A market for these types of high-energy storage may develop fairly quickly, even though it may take several decades before problems become widespread. As with major road projects, large storage systems should be built to cope with traffic growth over a long working life. That is easier to justify if the cost of adding spare capacity is low or if the design can accommodate a low-cost upgrade, both of which apply to piston storage.
Most other storage technologies have relatively high dollar per kilowatt-hour capital costs. The exception is power-to-X, which is expected to be the main competitor in networks that use high-energy storage as one of their management tools. Power-to-X will be cheaper, but piston storage should represent a better investment under realistic input and output energy values.
Within the piston storage sector itself, moving from day-ahead to week-ahead energy capacity will often be very inexpensive (see Section 2.3.1). In this case, higher energy (tens of hours) systems may become the norm, even if most of the revenue comes from day-ahead and short duration applications.

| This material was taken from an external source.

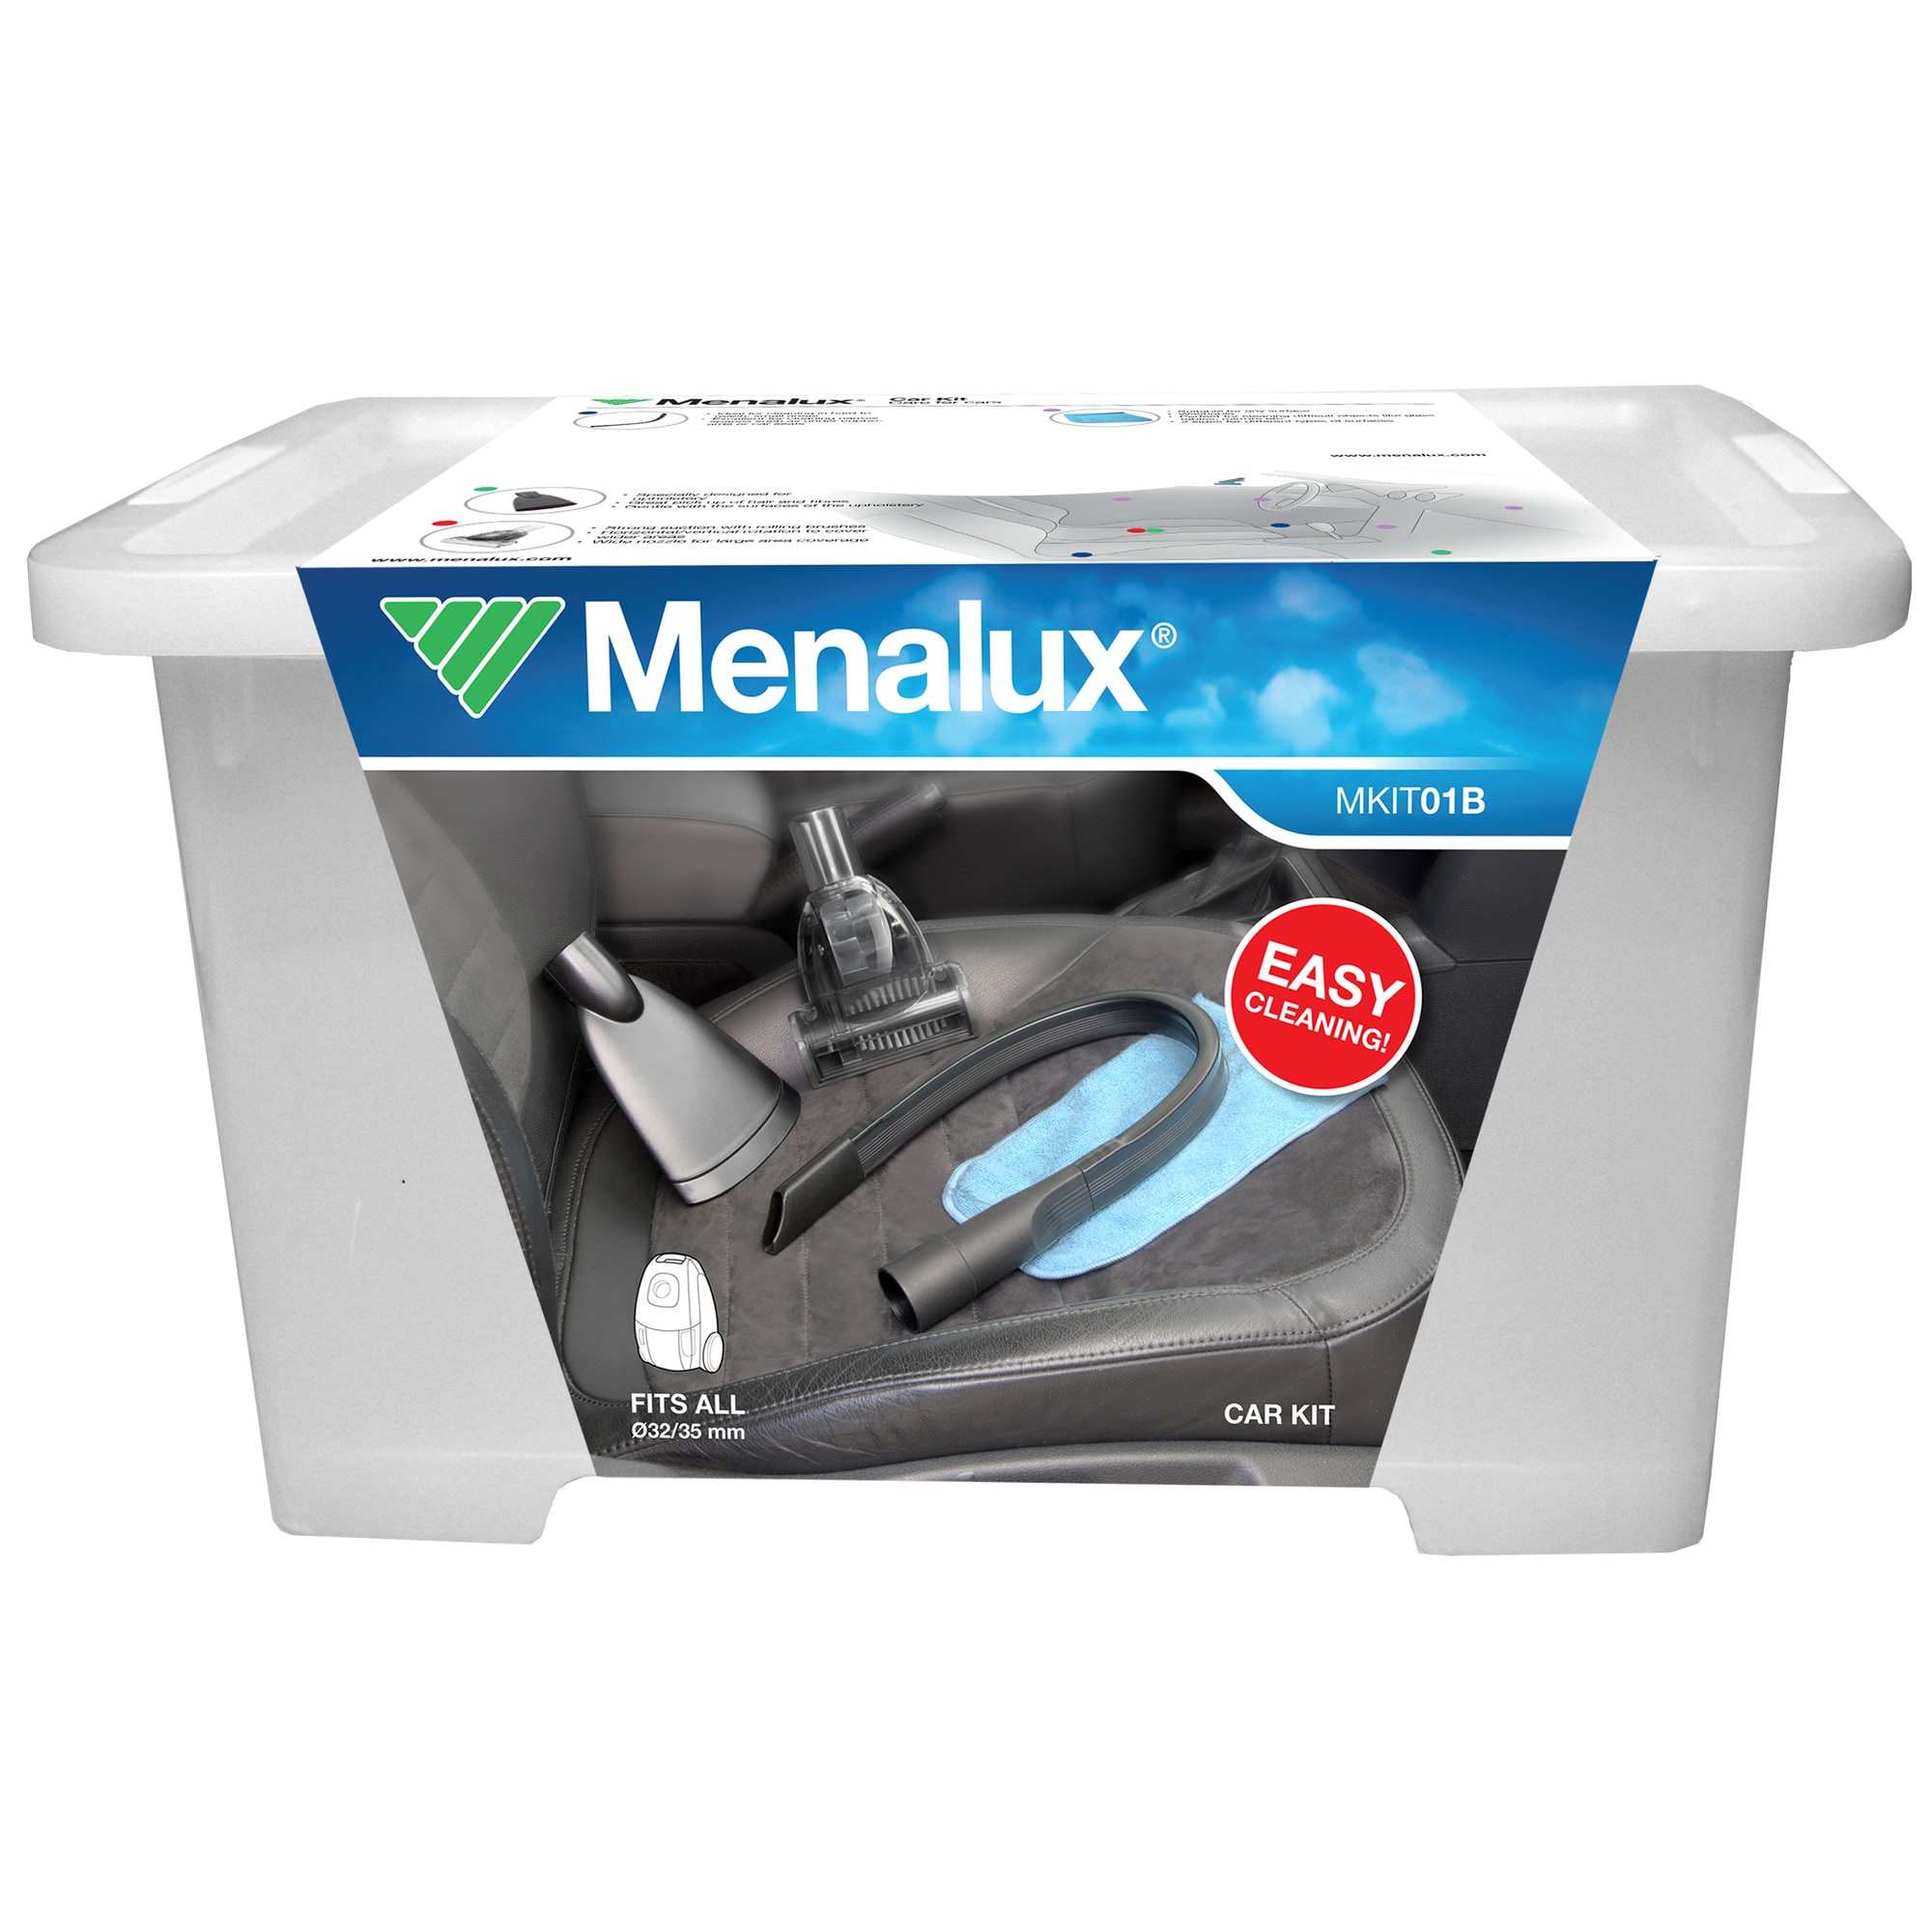 Menalux Auto Care støvsugersæt til bil MKIT01B - Tilbehør støvsuger og  rengøring - Elgiganten

2.4.5. Long-Duration Markets (>50 h Storage Capacity)

Compared with week-ahead systems, the main additional objective is to harvest energy that would otherwise be lost from the electricity supply system. This is not much of an issue at present, but will become prevalent in networks where variable renewables are the principal energy source.
There is no doubt that strategic storage would be extremely useful and there is unlikely to be much competition from other electricity-in/out technologies at this level. As noted in Section 2.2.3, a 600 GW h strategic store equates to about half the world’s electrical energy storage capacity. It is inconceivable that half the present global PHES population would be installed in California or a large European country or a Chinese province, where 600 GW h (or more) strategic storage might be appropriate. This could be an attractive application for piston storage. The key questions are whether the cycle count and cycle value of the additional energy capacity is sufficient to justify its cost, and whether this is a better proposition than alternatives such as long-distance interconnectors or power-to-X systems.
Low marginal cost helps. So does asymmetric charging, which can radically improve utilization—ultramarathon runners would be at a huge disadvantage if their “recharging rates” at feeding stations were restricted to the rate at which they burn energy while running (say 40 kJ min–1), especially if the energy gels are taken off the table every time the wind drops!
Opportunities for strategic (and possibly seasonal) storage will probably be confined to large supply networks. However, piston storage should greatly expand the envelope within which it makes sense to retain electrical energy within the network. It opens prospects for electrical energy storage at much higher energy levels than are envisaged with today’s technologies, and in networks that have made little or no use of storage in the past.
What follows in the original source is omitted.